#100 Media Markt Exits China

mediamarkt-chinaAfter only three years in China, German electronics retail giant Media Markt in 2013 joined the list of companies that have left China after years of trying, including US-based companies Best Buy and Home Depot. Not too long ago, the store, owned by Metro-group had lofty plans of 100 and more stores. In 2014 it’s a distant memory at best.

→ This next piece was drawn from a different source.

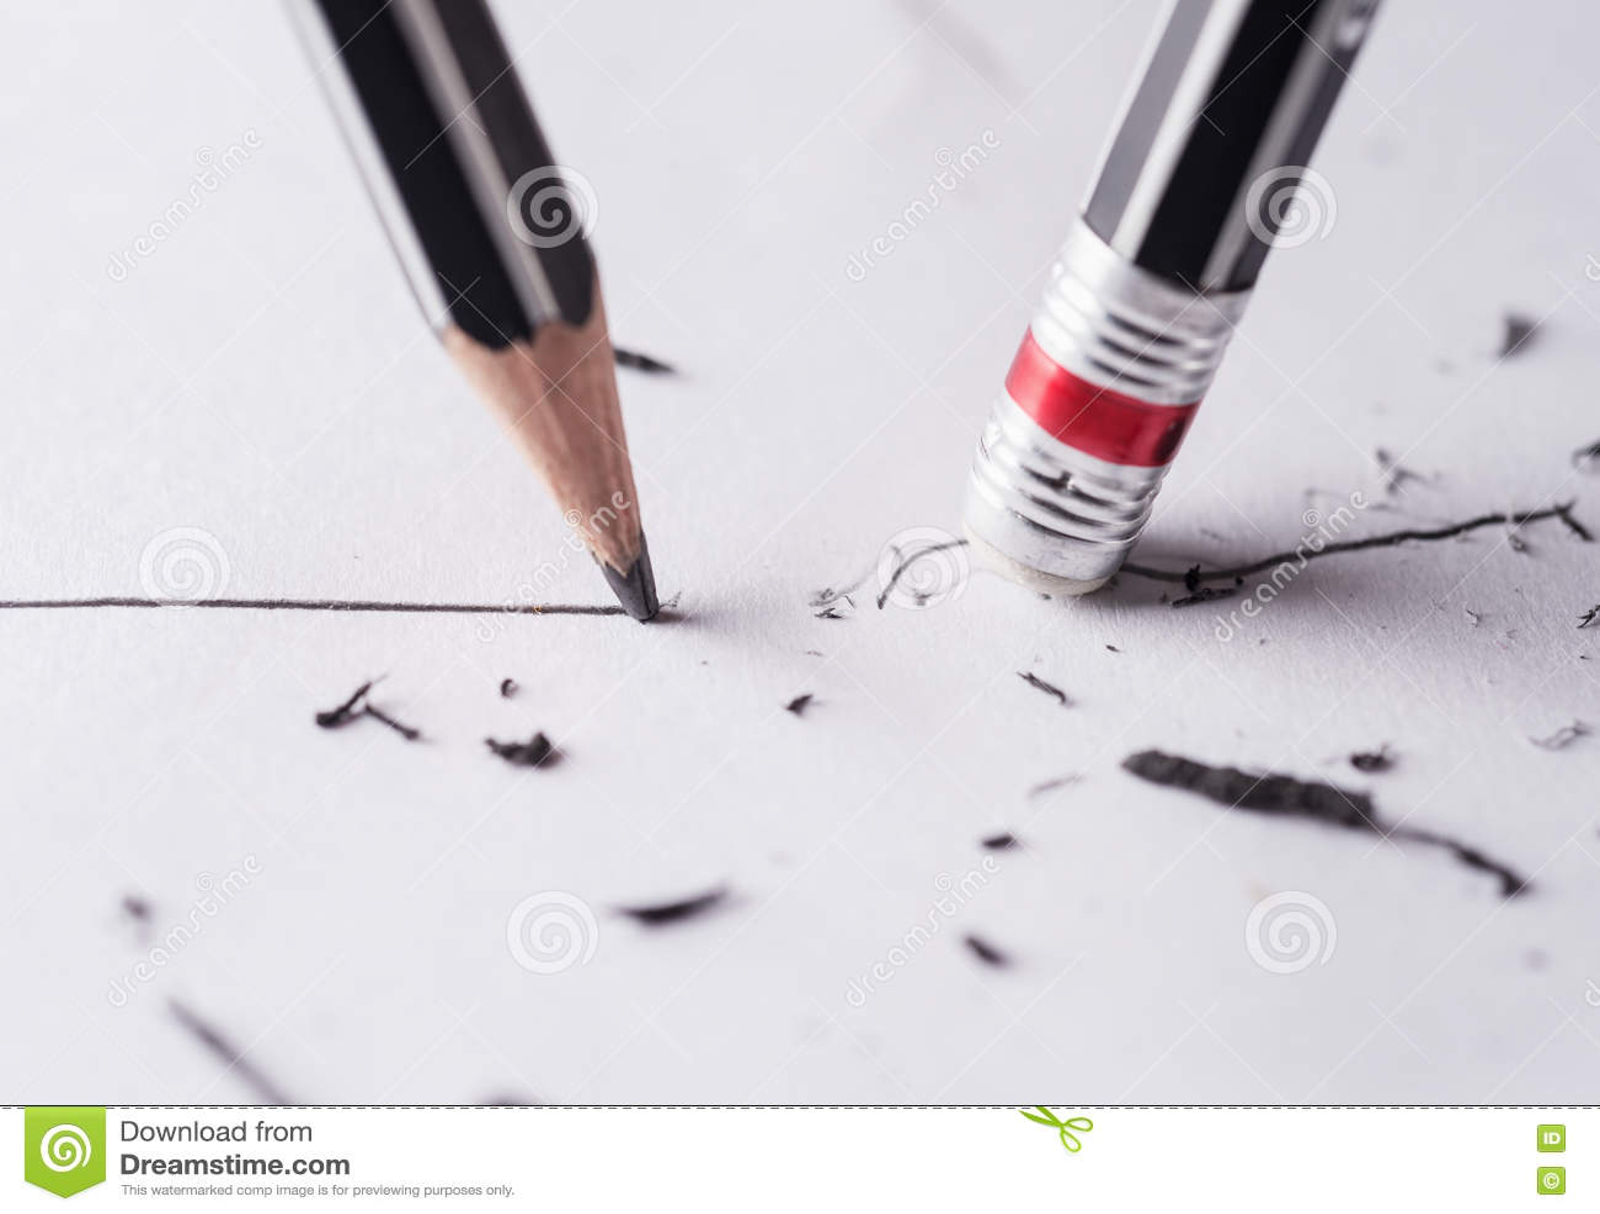 Skriv och radera

According to some analysts, the Metro-group owned chain simply didn’t understand the mechanics of the very competitive Chinese market. Some even say that they didn’t know why they were in China in the first place. What was it that went wrong. First, Media Markt didn’t understand how price-sensitive Chinese consumers are. While Media Markt focused on the consumer experience, Chinese consumers were using its stores as showrooms before buying the products they wanted online or at another retailer. In addition, other retailers, such as local competitors Gome or Suning kept their cost down by setting up shop in less fancy locations than Media Markt. Chinese competitors usually also sub-let space to brand manufacturers who bear the bulk of the risk. Media Markt’s flagship store, however, not only was fully self-operated, but also  occupied too much space on one of the most expensive retail streets in China. That amounted to cost pressures and brought Media Markt’s (necessary) nationwide expansion to a screeching halt. While Suning had built 1,700 stores all over China, Media Markt had only 7. This resulted in a situation where Media Markt only made about 5 % of local Chinese competitor Suning’s revenues. As a result – according to the Financial Times – the group didn’t want to invest the several hundreds million Euros annually needed to establish a significant Chinese operation. Media Markt wanted to build a famous brand for its store, in a market where consumers are looking more towards products as brands.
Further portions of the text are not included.